L’état d’abandon des barrages et l’urbanisation anarchique de la ville, qui ont démultiplié les effets du cyclone, sont l’aboutissement de la destruction, par Kadhafi, des rouages institutionnels de la cité libyenne, considère, dans une tribune au « Monde », le géographe et spécialiste du monde arabe Ali Bensaâd.
Derna a toujours vécu une histoire ponctuée d’inondations. C’est ce qui a justifié l’édification de deux barrages à son amont. Cependant, le cyclone Daniel, par son incomparable puissance, n’a aucune commune mesure avec les épisodes même les plus paroxystiques qu’a pu connaître la ville. Il signe le basculement de la Libye dans l’avenir incertain des changements climatiques.
Mais il révèle surtout à quel point cet avenir est fortement hypothéqué, comme l’est déjà le présent, par les héritages d’un passé et ses legs explosifs qui ont considérablement amplifié le drame. Ces legs ne sont ni seulement ni principalement ceux de la guerre civile qui a suivi la chute de Kadhafi. Ils remontent plutôt au chaos de son règne, chaos dont on retrouve les échos dans celui d’aujourd’hui. Et directement dans le drame de Derna.
Les barrages dont la rupture a démultiplié les effets du cyclone avec la libération instantanée des millions de mètres cubes qui y étaient stockés, n’ont pas connu d’inspection ni d’entretien depuis… 2003 ! Soit près d’une décennie avant la chute de Kadhafi. Leur état d’abandon durant vingt ans a fatalement participé à leur fragilisation. Si les barrages n’ont plus été entretenus, une ligne budgétaire continuait pourtant à leur être annuellement attribuée et à être signalée comme réalisée !
Une arme de destruction massive
C’est l’illustration d’un système qui a patrimonialisé les ressources nationales et où les postes de responsabilités, attribués en fonction des allégeances tribales, sont conçus d’abord comme moyen d’accès à ces ressources. Un système où la prédation à court terme, les ingérences clientélistes, les lubies populistes ont dangereusement affecté l’environnement au point de le transformer en danger.

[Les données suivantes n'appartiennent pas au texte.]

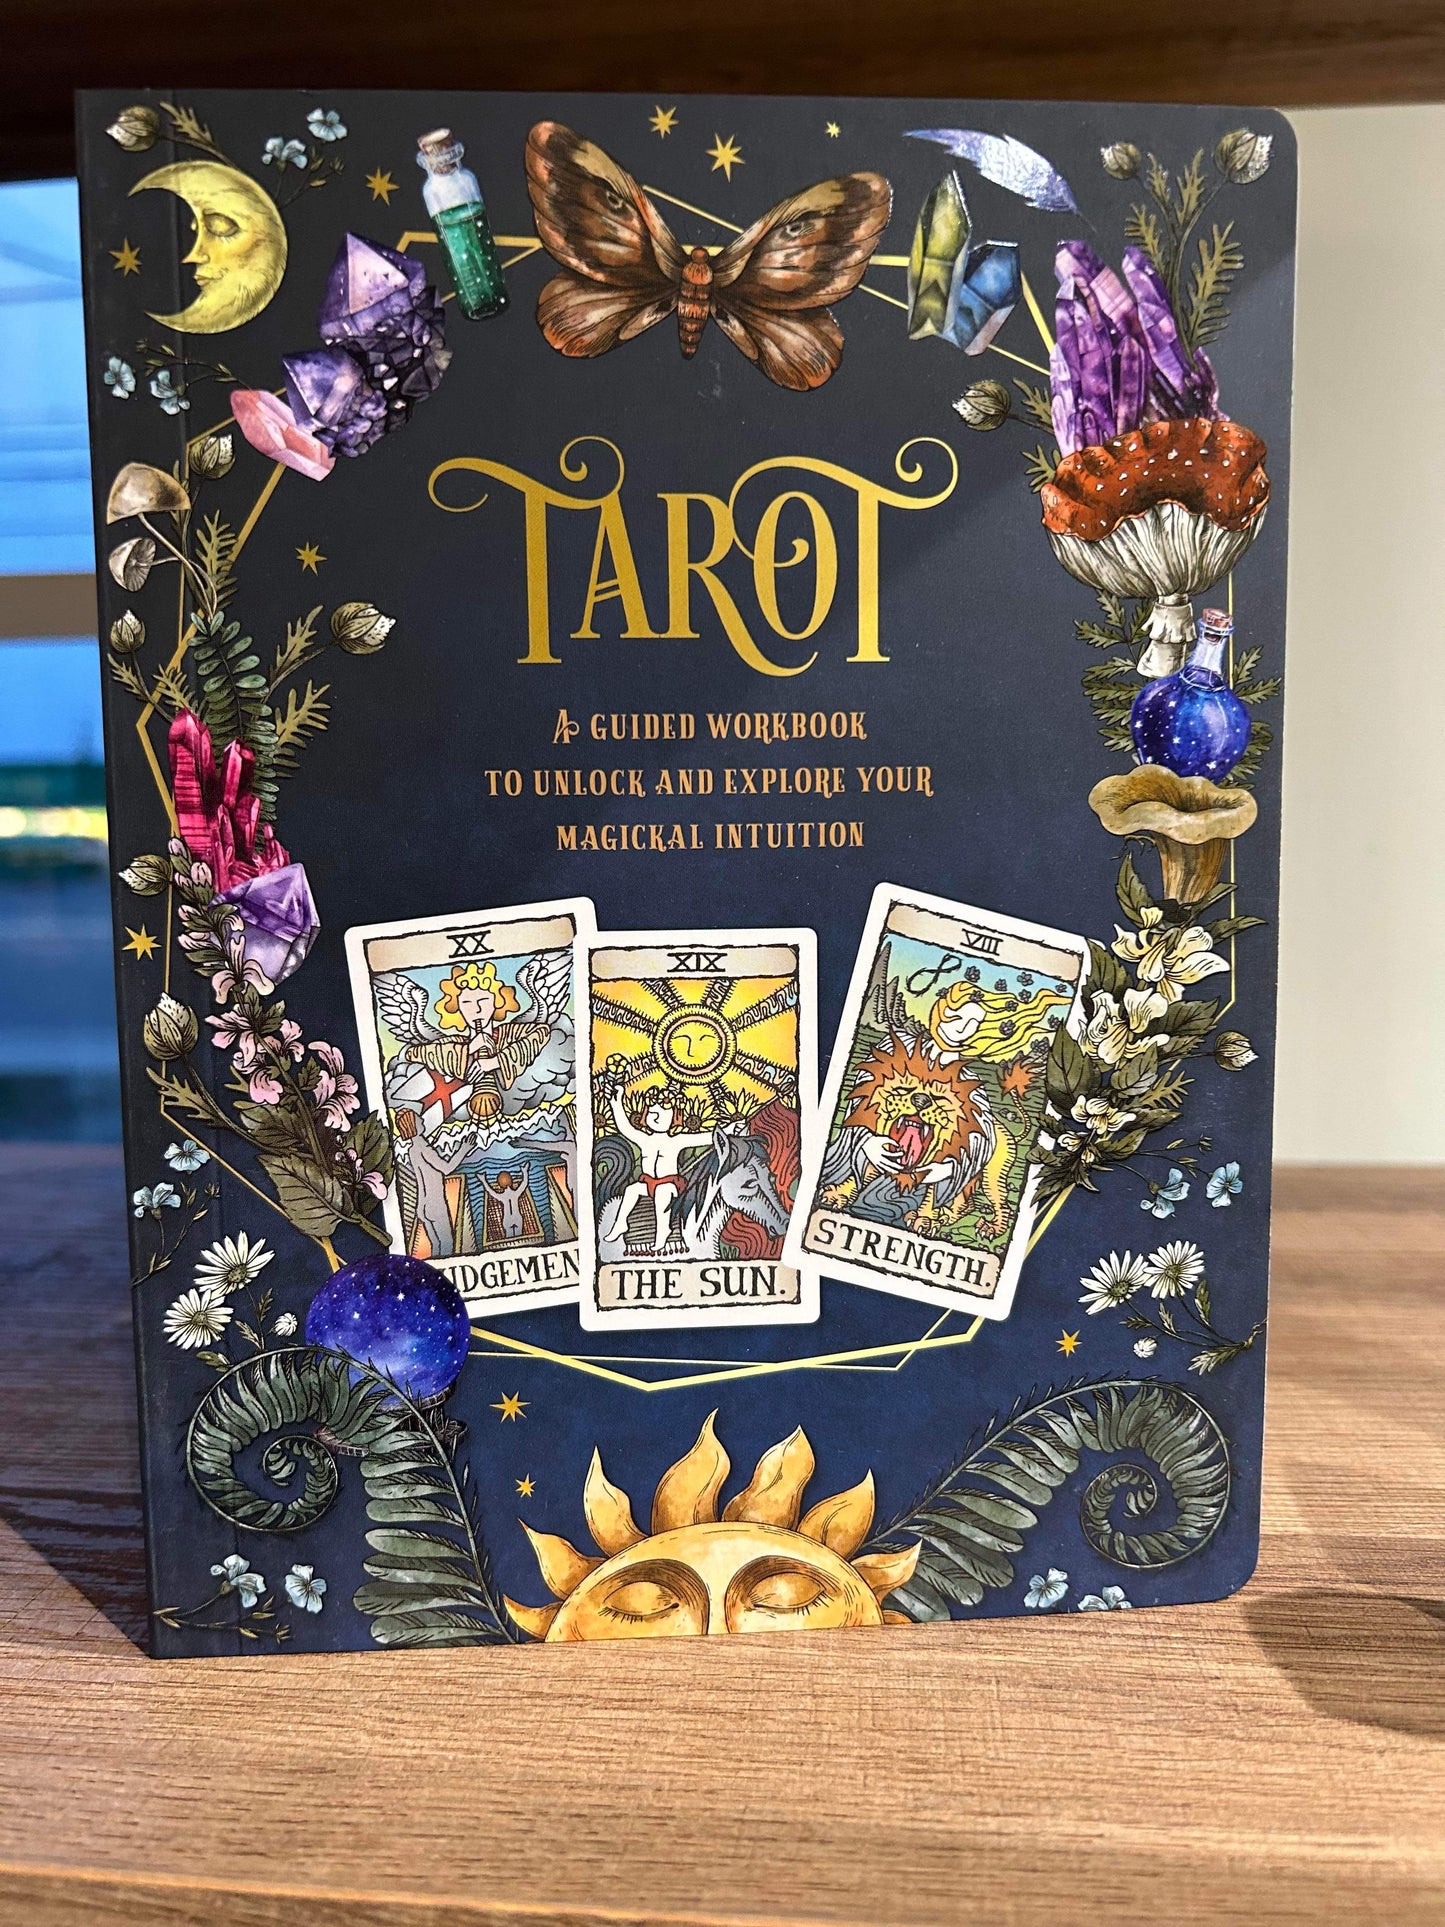 Tarot: A Guided Workbook by Phyllis Curott

C’est ainsi que, dès le milieu de la décennie 2000, moins de trente ans après leur édification, ces barrages se sont retrouvés envasés à plus de 50 %. Ces millions de mètres cubes de vase ont pesé dans la fragilisation des barrages. Ils sont surtout devenus une arme de destruction massive dont la brusque libération a donné plus d’agressivité et de nocivité à la crue. La couverture boueuse qui recouvre la ville en provient en grande partie.
Cet envasement est dû à l’intense érosion du bassin-versant dont l’exploitation était devenue un enjeu de pouvoir. Région verte dans une Libye aride mais aussi région hostile au pouvoir, celui-ci y a encouragé démesurément l’activité de ses soutiens, cultivé les divisions et les concurrences autour de celle-ci au point que s’y sont multipliés, dans la conflictualité, parcours de pacage, exploitations agricoles et constructions, générant une intense érosion qui a envasé les barrages.